Team DuckPropagation:
- Attila Pethő
- Gyula Faragó
- Olivér Farkas
Requirements: git
and conda
installed on your computer
Clone the repository:
git clone https://github.com/attila-petho/DuckPropagation.git
cd DuckPropagation/
Run environment setup script:
bash env_setup.sh
To build the docker image, run this from the root directory:
sudo docker build . -t attilap/duckpropagation:dtgym
Duckietown uses a very verbose logging by default, to make it a bit less overwhelming use this command in the running container:
echo "logger.setLevel('WARNING')" >> ./gym-duckietown/src/gym_duckietown/__init__.py
Before running the scripts in this repo, make sure that the dtgym
anaconda virtual environment is activated using
conda activate dtgym
To train an A2C or PPO agent, first open the config/train_config.yml
file and edit the common_config and ppo_only or a2c_only sections. You can choose the algorithm you want to use, its hyperparameters and the parameters of the training. Then run the training code for the chosen algorithm:
python3 src/train_PPO.py
or
python3 src/train_A2C.py
To optimize an A2C or PPO agent, run the optimization code for the chosen algorithm:
python3 src/optimize_PPO.py
or
python3 src/optimize_A2C.py
The trained agent's performance can be evaluated using the test_agent.py
file. Before running the scipt make sure that the eval_config section of the config/train_config.yml
is set to your needs. Note that the other sections of the config file must be set according to the model you would like to load. (Right now you can choose from the base and optimized versions of PPO and A2C, to load the right version, set these variables in the config file:)
common_config | |
---|---|
algo: |
PPO or A2C |
steps: |
2e6 (for optimized) or 1e6 (for base) |
color_segment: |
False |
FS: |
3 |
domain_rand: |
1 |
action_wrapper: |
heading |
ID: |
optimized or base |
eval_config | |
load_checkpoint: |
False* |
plot_trajectory: |
Visualize the trajectory of the robot (optional) |
camera_feed: |
Visualize the camera feed (optional) |
* The 'base' and 'optimized' models don't have checkpoints saved. Check the saved checkpoints in the models/map_name/algo/checkpoints folder.
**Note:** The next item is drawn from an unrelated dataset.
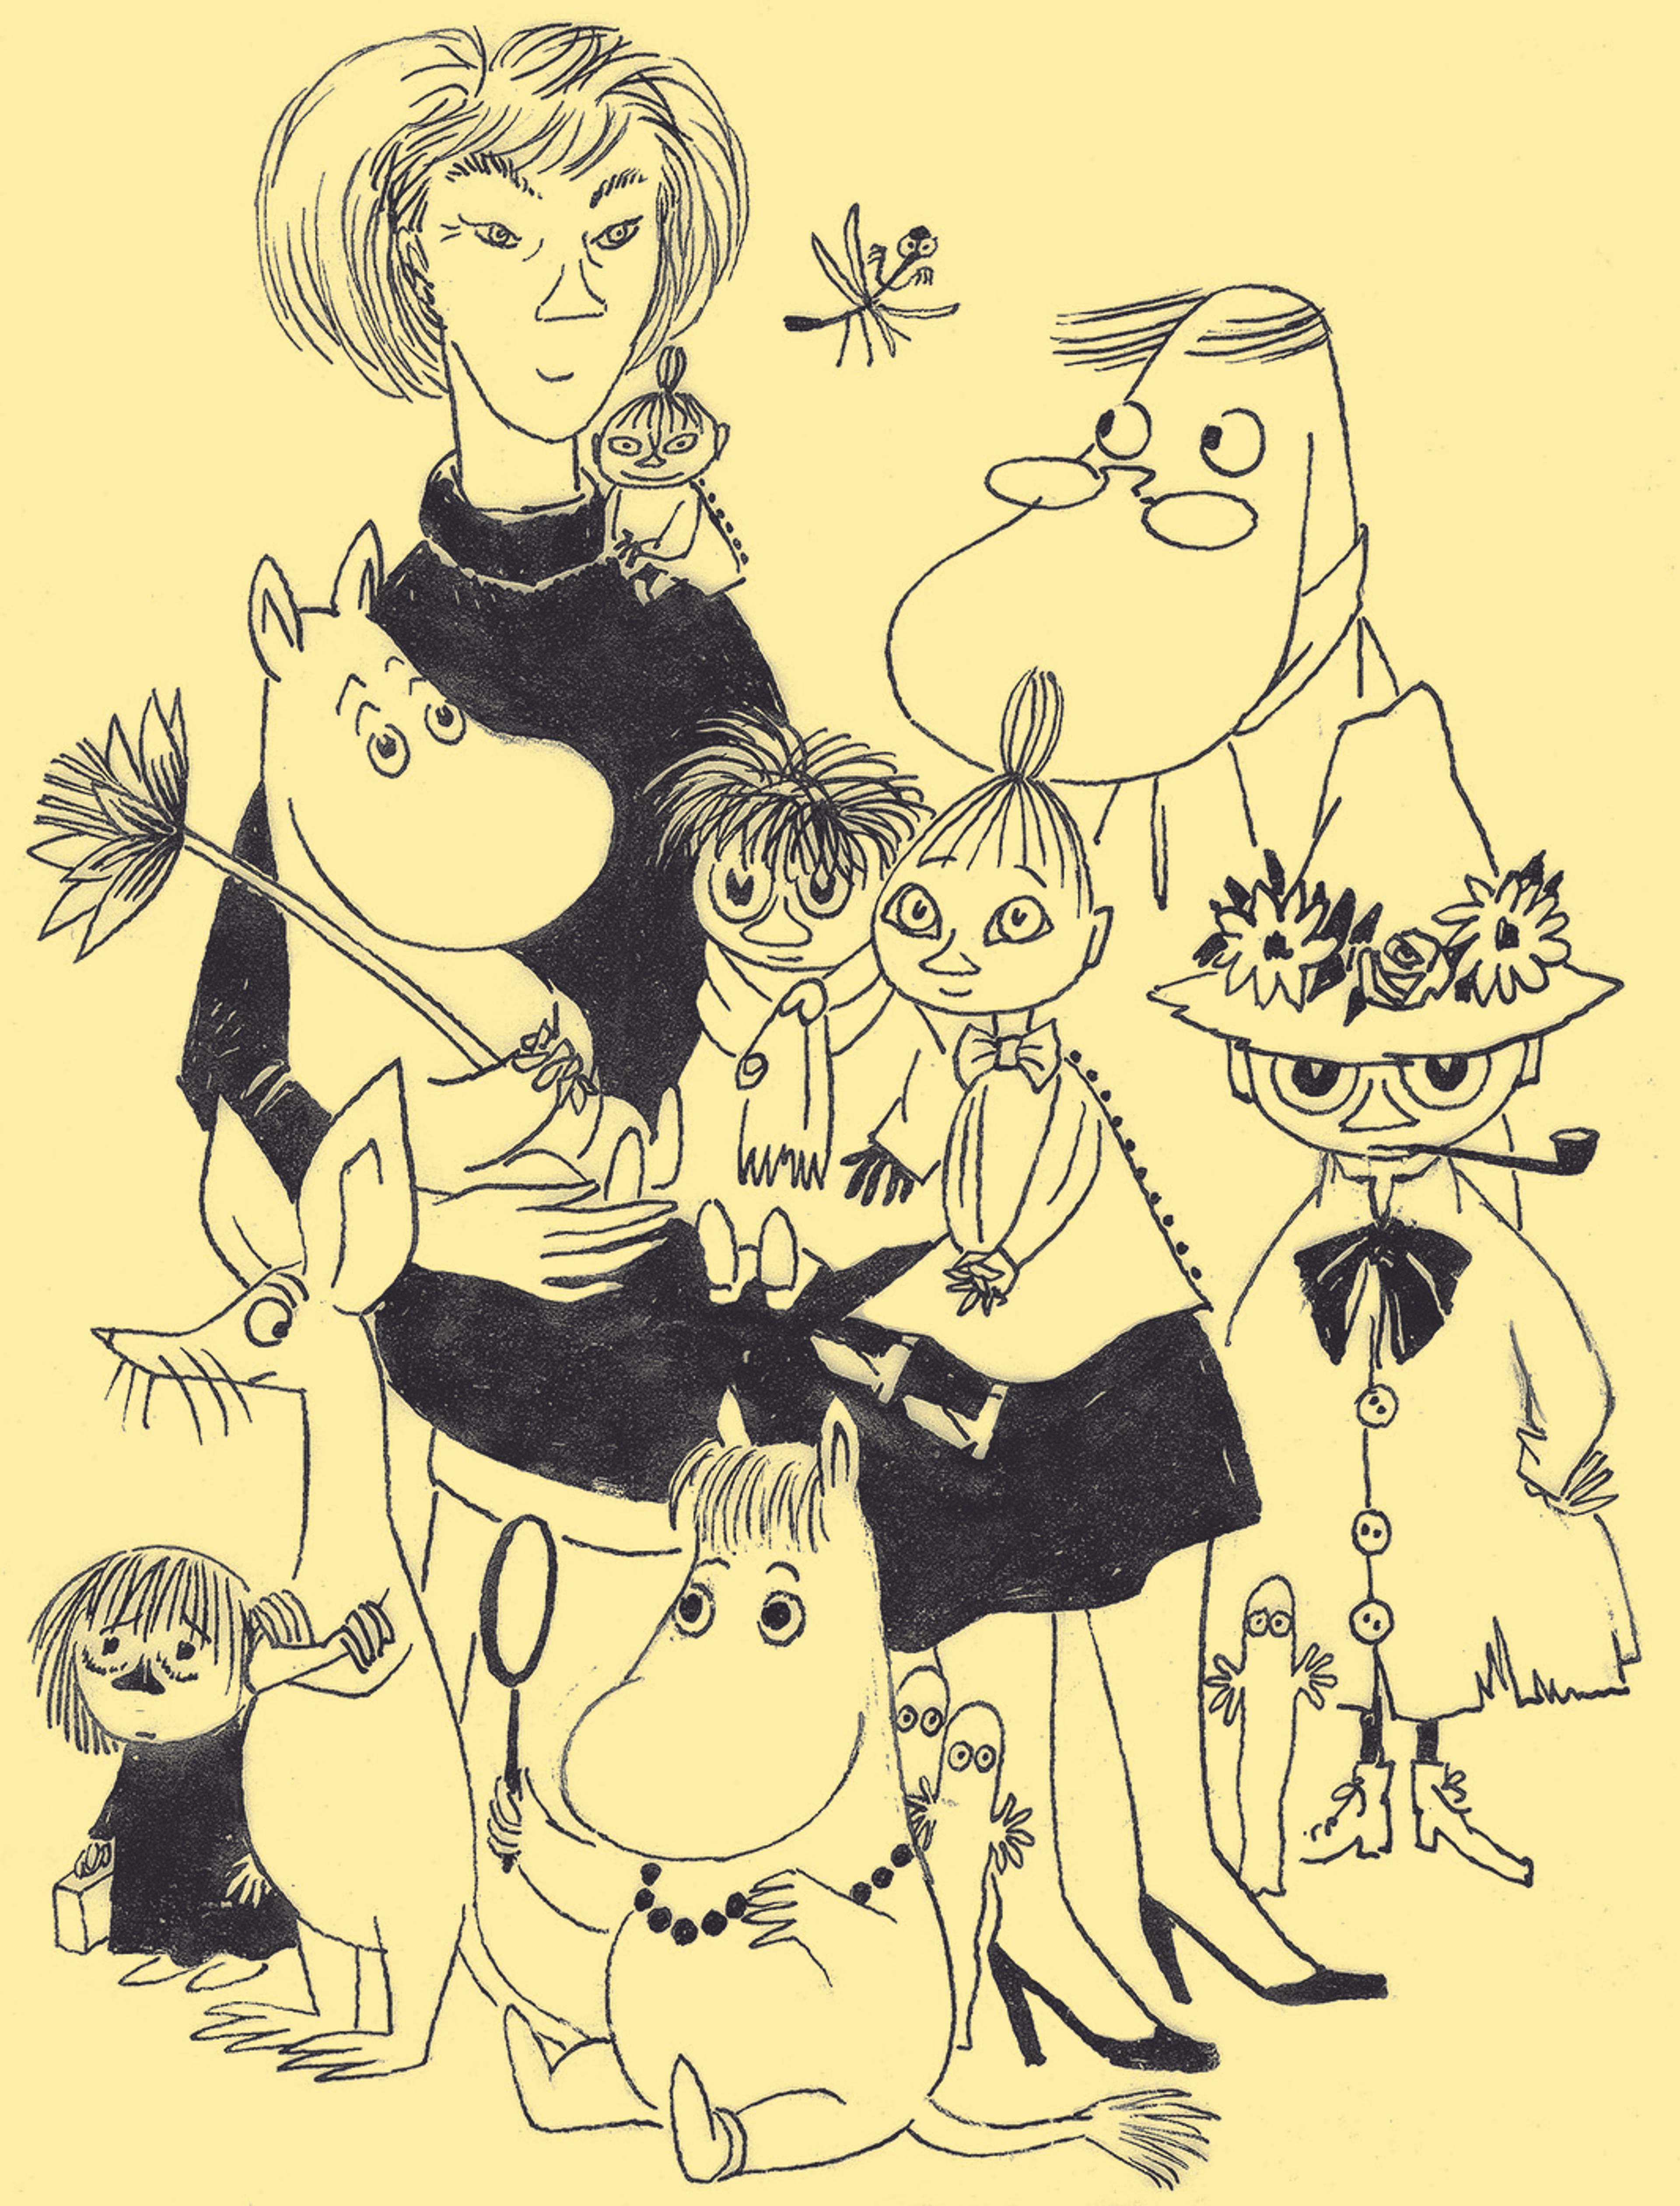 Black and white illustration of Tove Jansson with Moomin troll characters surrounding her and sitting in her lap

The simulator produces 640x480 RBG images that look like this:
The first step is to preprocess these images for the CNN. This step is necessary because feeding the original images makes the training process much slower and it would also be a waste of resources because the network can learn from much smaller images just as well. So for the optimal learning process we do the following steps:
1. Resizing
2. Cropping
3. Color segmentation or Grayscaling
4. Normalization
5. Frame stacking
These preprocessing steps require the use of so-called wrappers, which basically wrap around the enviroment, take the observations and convert them according to their purpose. We created the following wrappers for these tasks:
With this wrapper we are downscaling the images from their original size (480x640x3) to (84x84x3). The smaller dimension makes the training of the neural network faster, and it still carries enough information for efficient training.
In this wrapper we are cropping the useless information from the image, in our case it's the part above the horizon.
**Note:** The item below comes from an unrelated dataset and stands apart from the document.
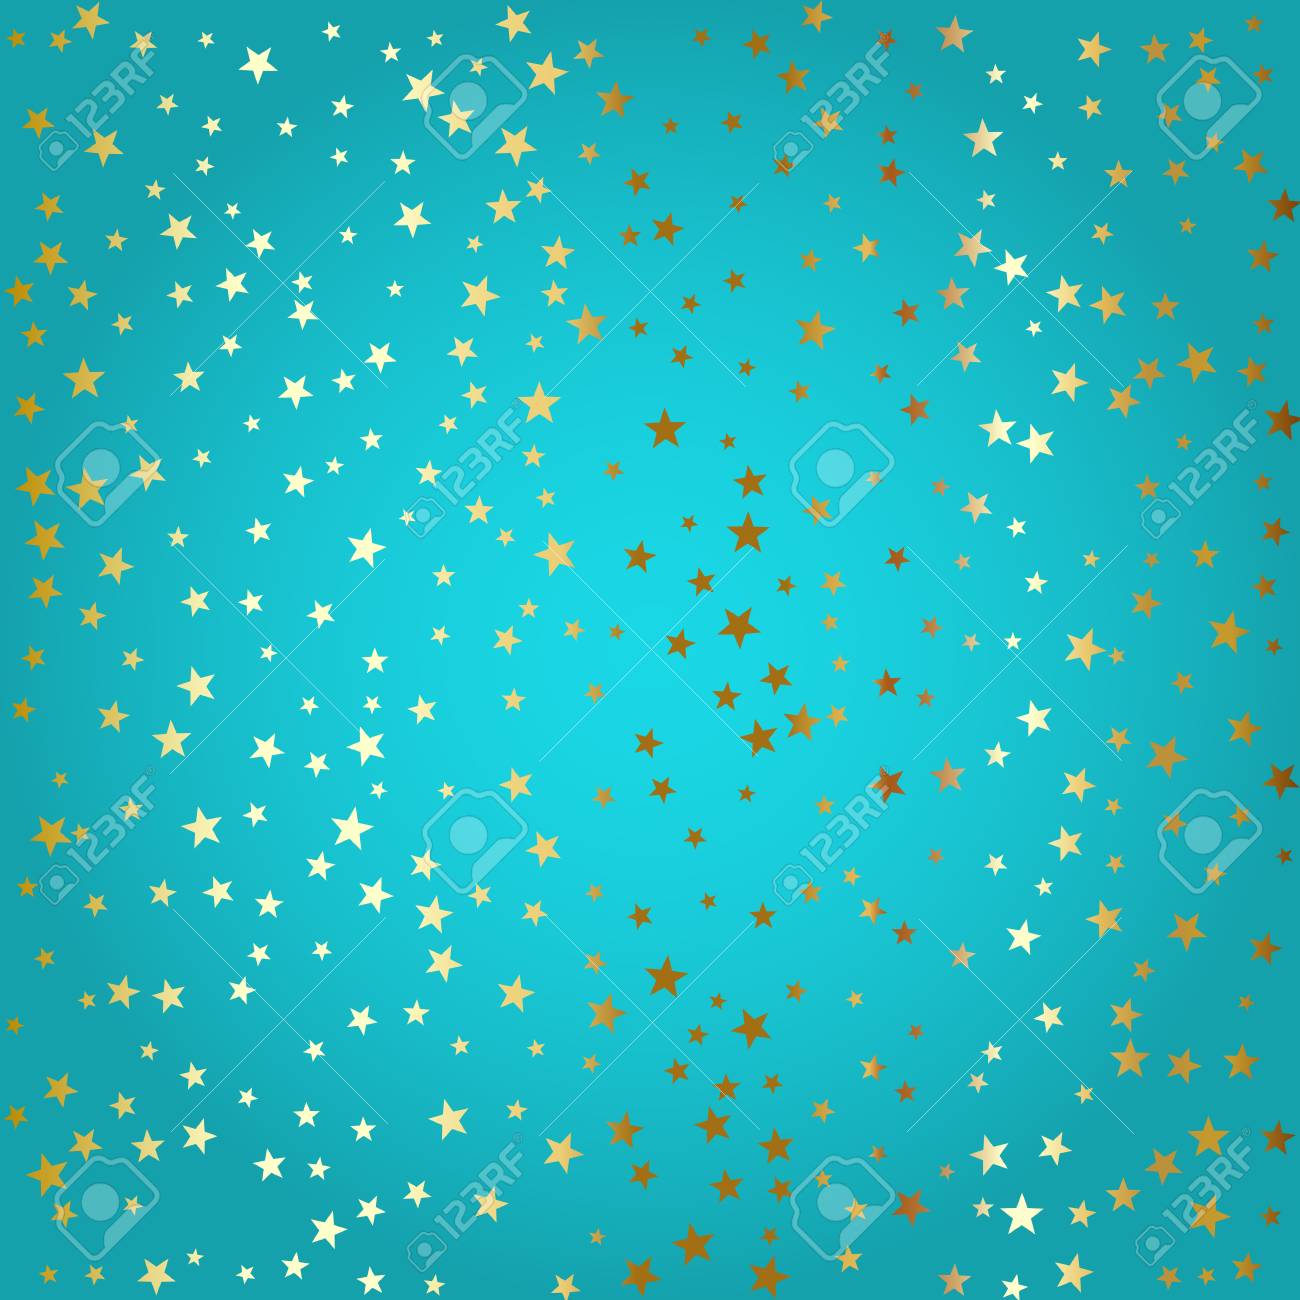 Starry Pattern Background In Gold And Teal Colours Stock Photo 1300x1300

Training time can be reduced by using grayscale images instead of RGB, while keeping the important information of the images. This wrapper should not be used in conjunction with the ColorSegmentFrame wrapper.
Here we are segmenting the different parts of the image so we can feed the neural network more useful information. The segmentation is done using intervals, we assigned the red channel for the white line, and the green channel for the yellow line. For lane following only these two information are useful for the neural network, so we assign black for everything else.
To make the training of the CNN easier and faster this wrapper normalizes the pixel values in the interval of [0,1]. Altough we implemented this wrapper, it is not used, because stable baselines does the input normalization automatically.
For better quality in training and more information we are concatenating the last n frames to form a time series, so the agent can percieve dynamic changes in its environment.
The Duckiebots are two-wheel differential-drive vehicles, and the default actions in the simulator are interpreted as a list of the left and the right wheel angular velocities, where 1 and -1 correspond to the maximum angular velocities forward and backward. This continuous action space has left and right velocity pairs that are not particularly useful (e.g. low velocities), so we experimented with two new action representations.
Wheel velocity - braking1: Since negative velocities are not required for moving forward, these are clipped, and the predicted values are interpreted as the amount of braking from full speed at each wheel. This creates a bias for moving forward at full speed.
Steering1: Instead of predicting a vector containing the two wheel velocities, the agent predicts a scalar value between -1 and 1, where 0.0 represents going forward at full speed, and -1 and 1 correspond to turning left or right with one wheel completely stopped and the other spinning at maximum speed. Intermediate actions are continuously mapped to wheel velocities using linear interpolation. In this case the speed is always maximal for a given steering value.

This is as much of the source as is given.